** Data shown **
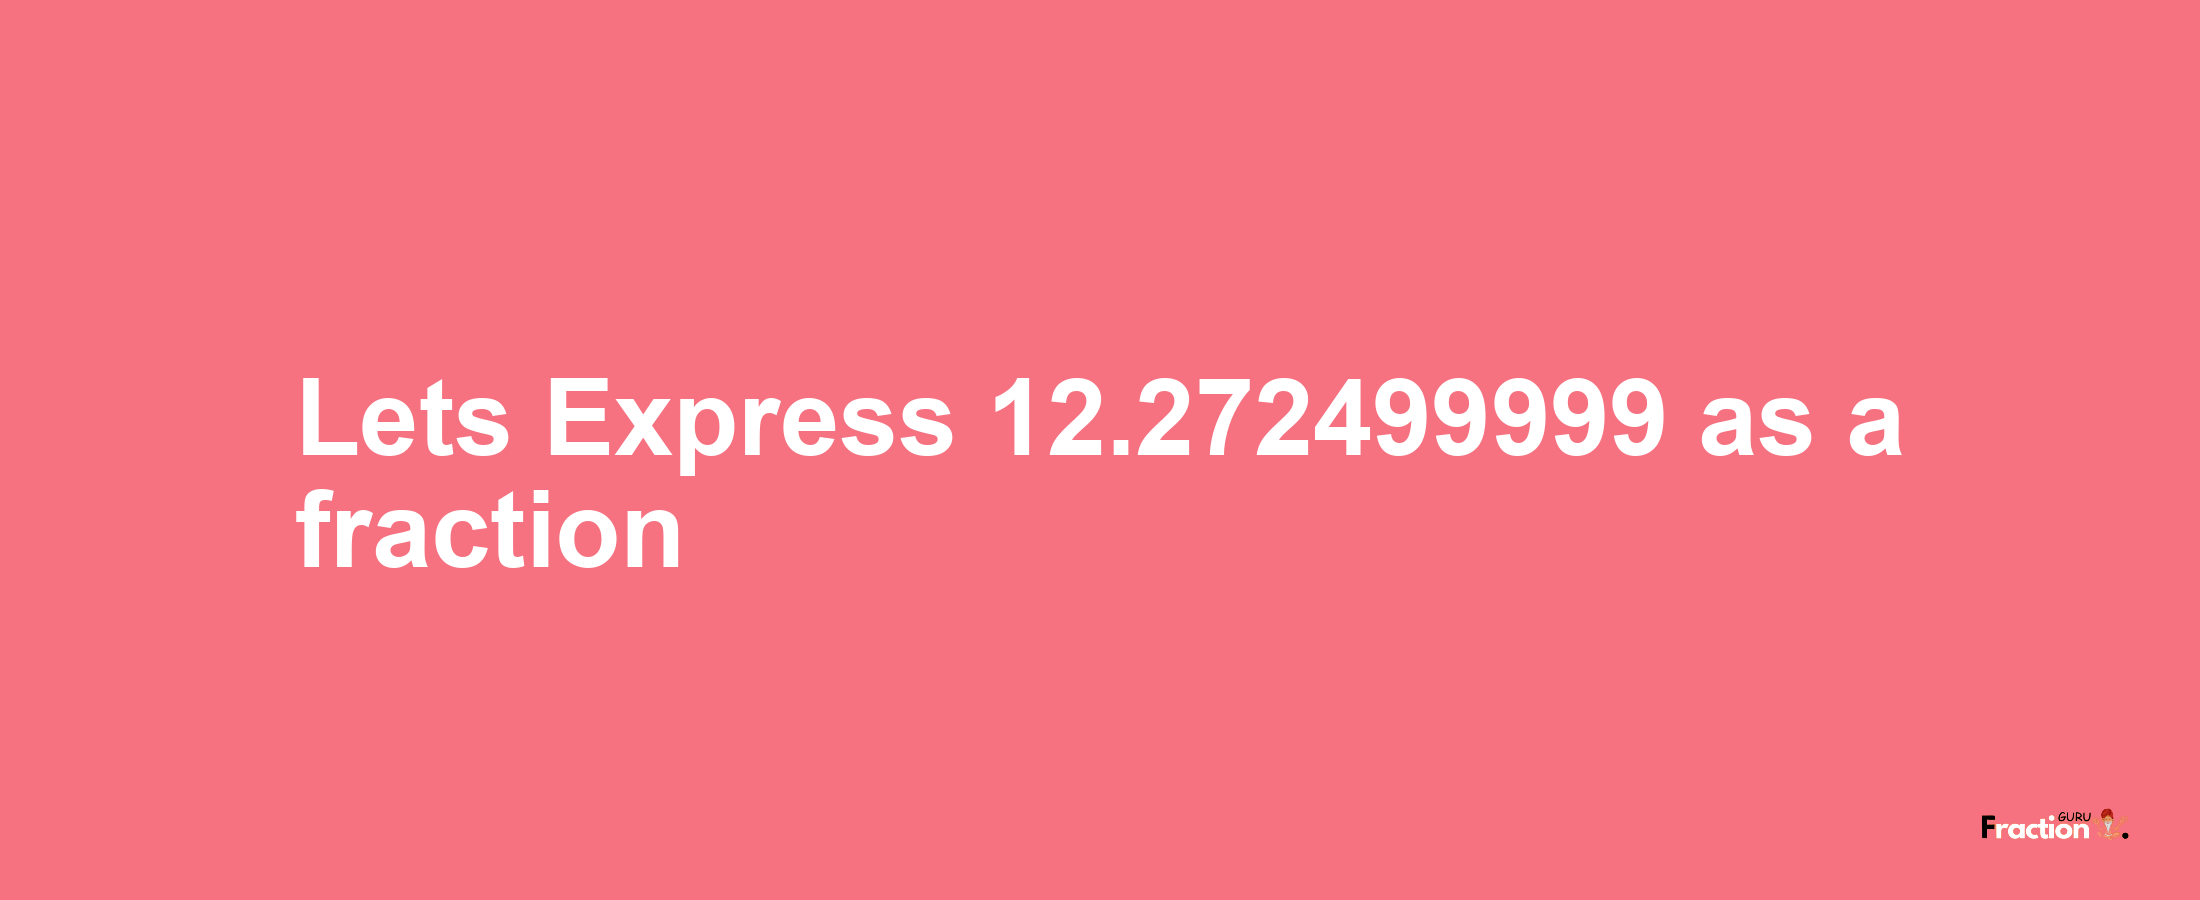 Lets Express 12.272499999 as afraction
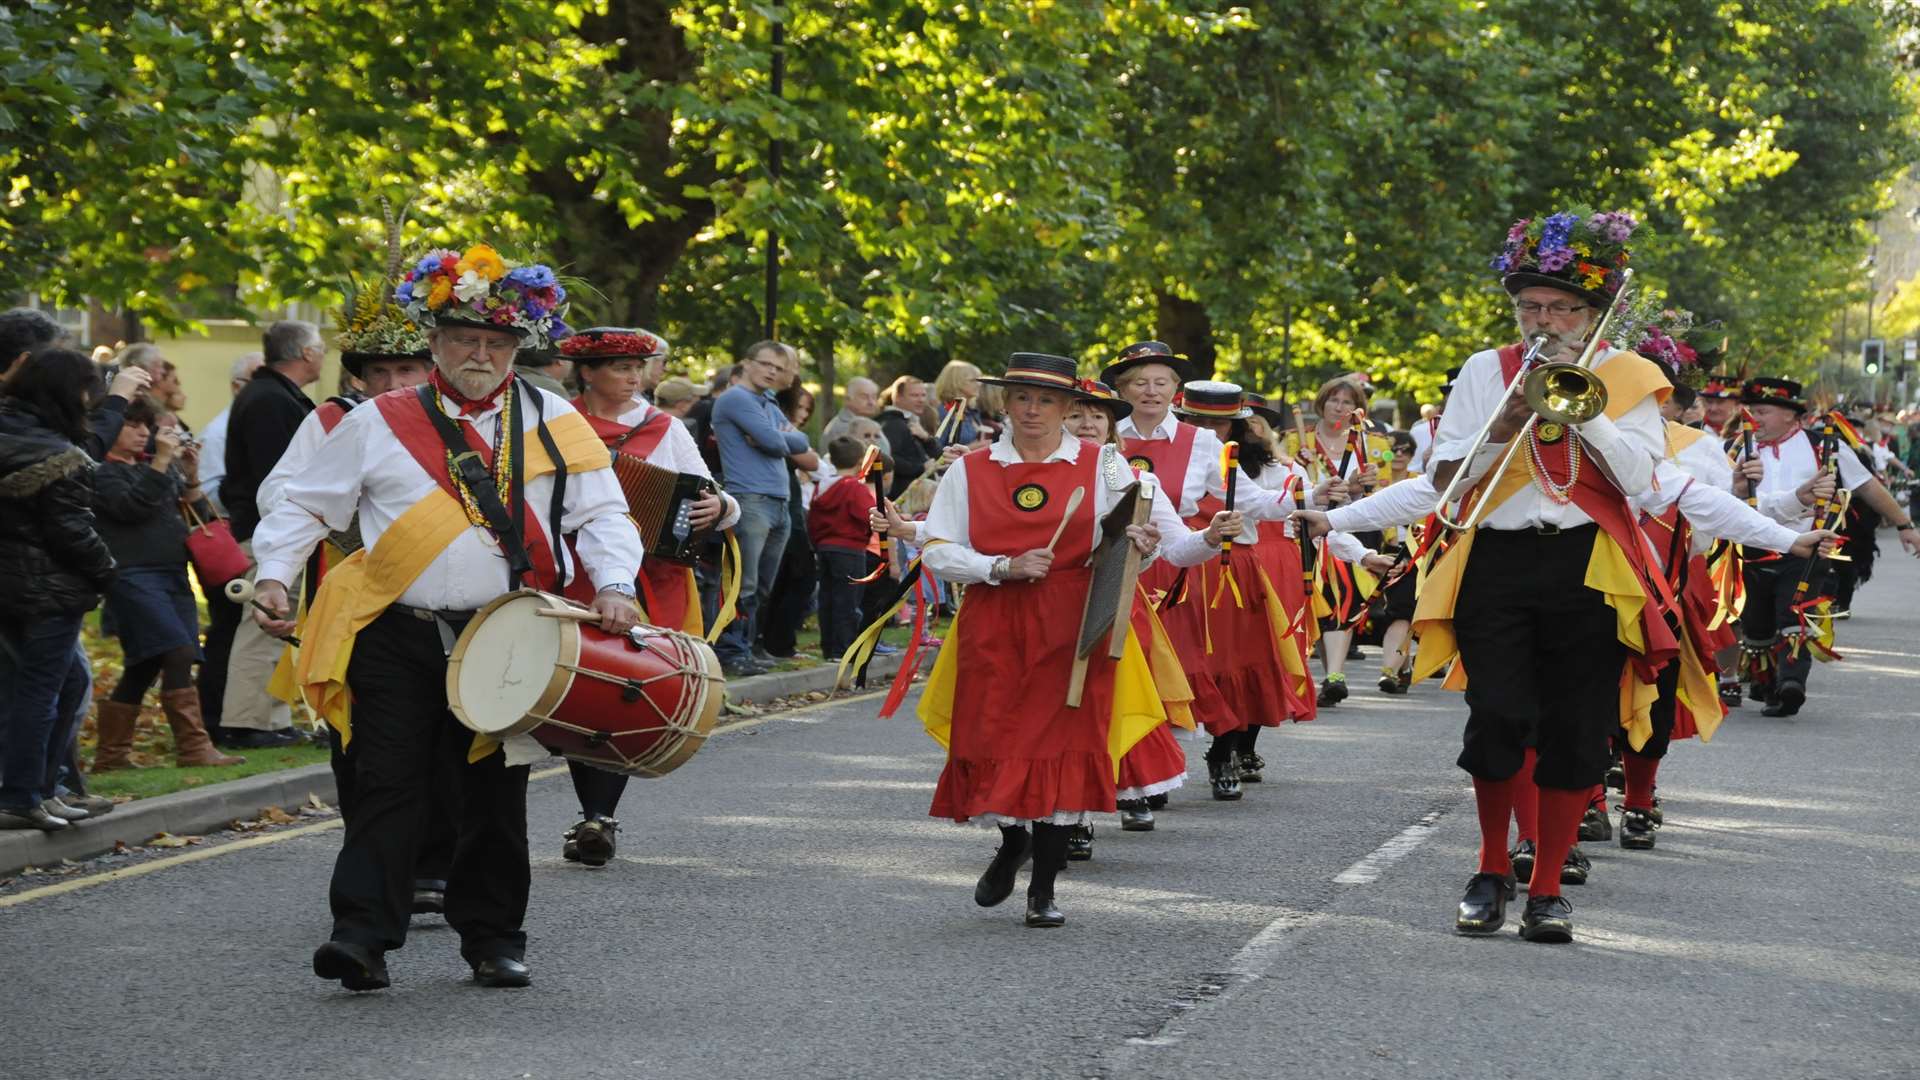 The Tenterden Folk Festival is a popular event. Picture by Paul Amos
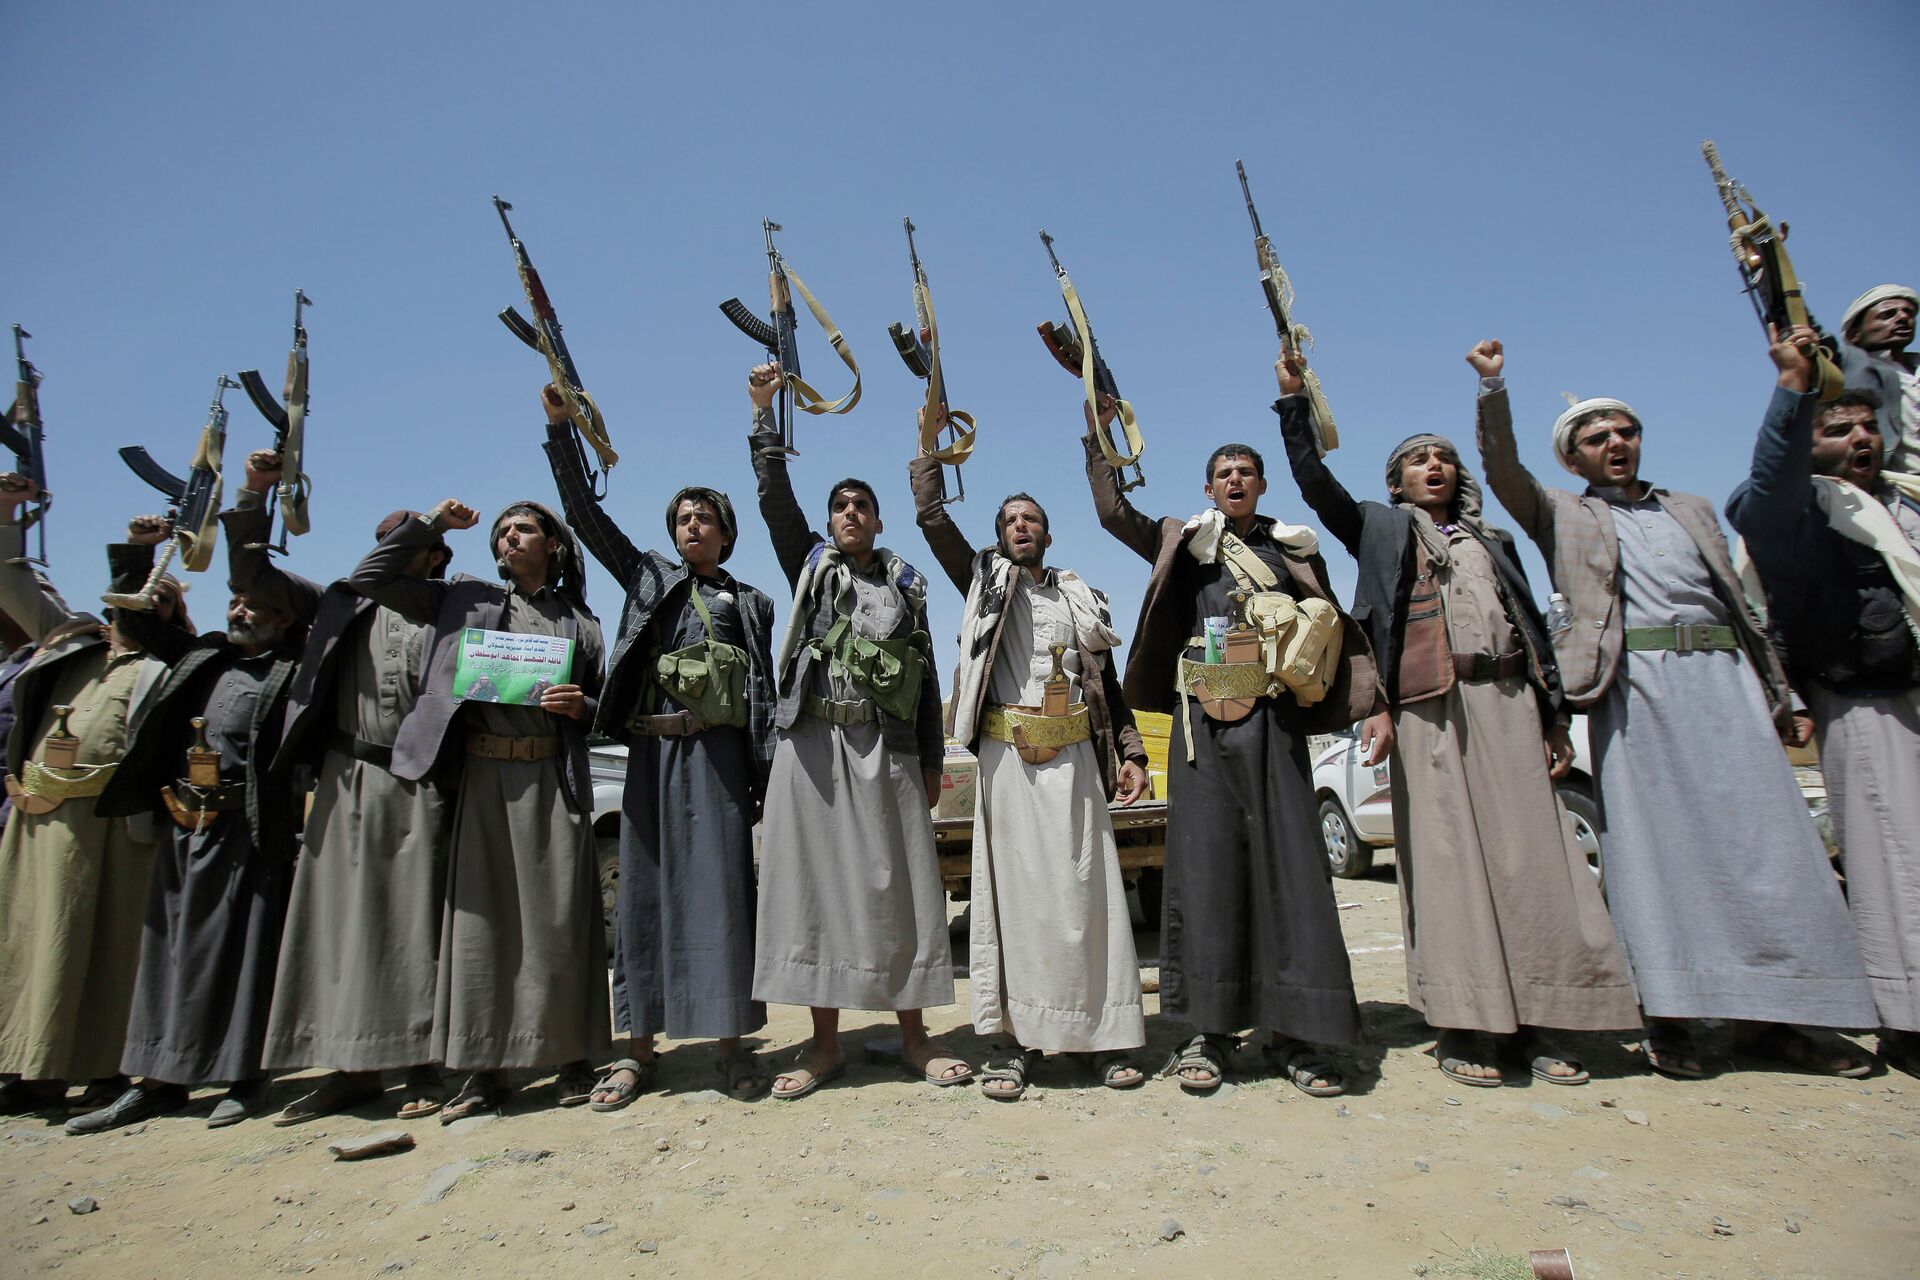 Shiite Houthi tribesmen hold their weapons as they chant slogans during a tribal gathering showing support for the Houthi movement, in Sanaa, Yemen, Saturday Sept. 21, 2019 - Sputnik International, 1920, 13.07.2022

** Prompt **
Transcribe, without alteration, each line from the one with "The Tenterden Folk" through the last line of the data; no pictures belong in the copy.

** Problem solution **
 The Tenterden Folk Festival is a popular event. Picture by Paul Amos
 Shiite Houthi tribesmen hold their weapons as they chant slogans during a tribal gathering showing support for the Houthi movement, in Sanaa, Yemen, Saturday Sept. 21, 2019 - Sputnik International, 1920, 13.07.2022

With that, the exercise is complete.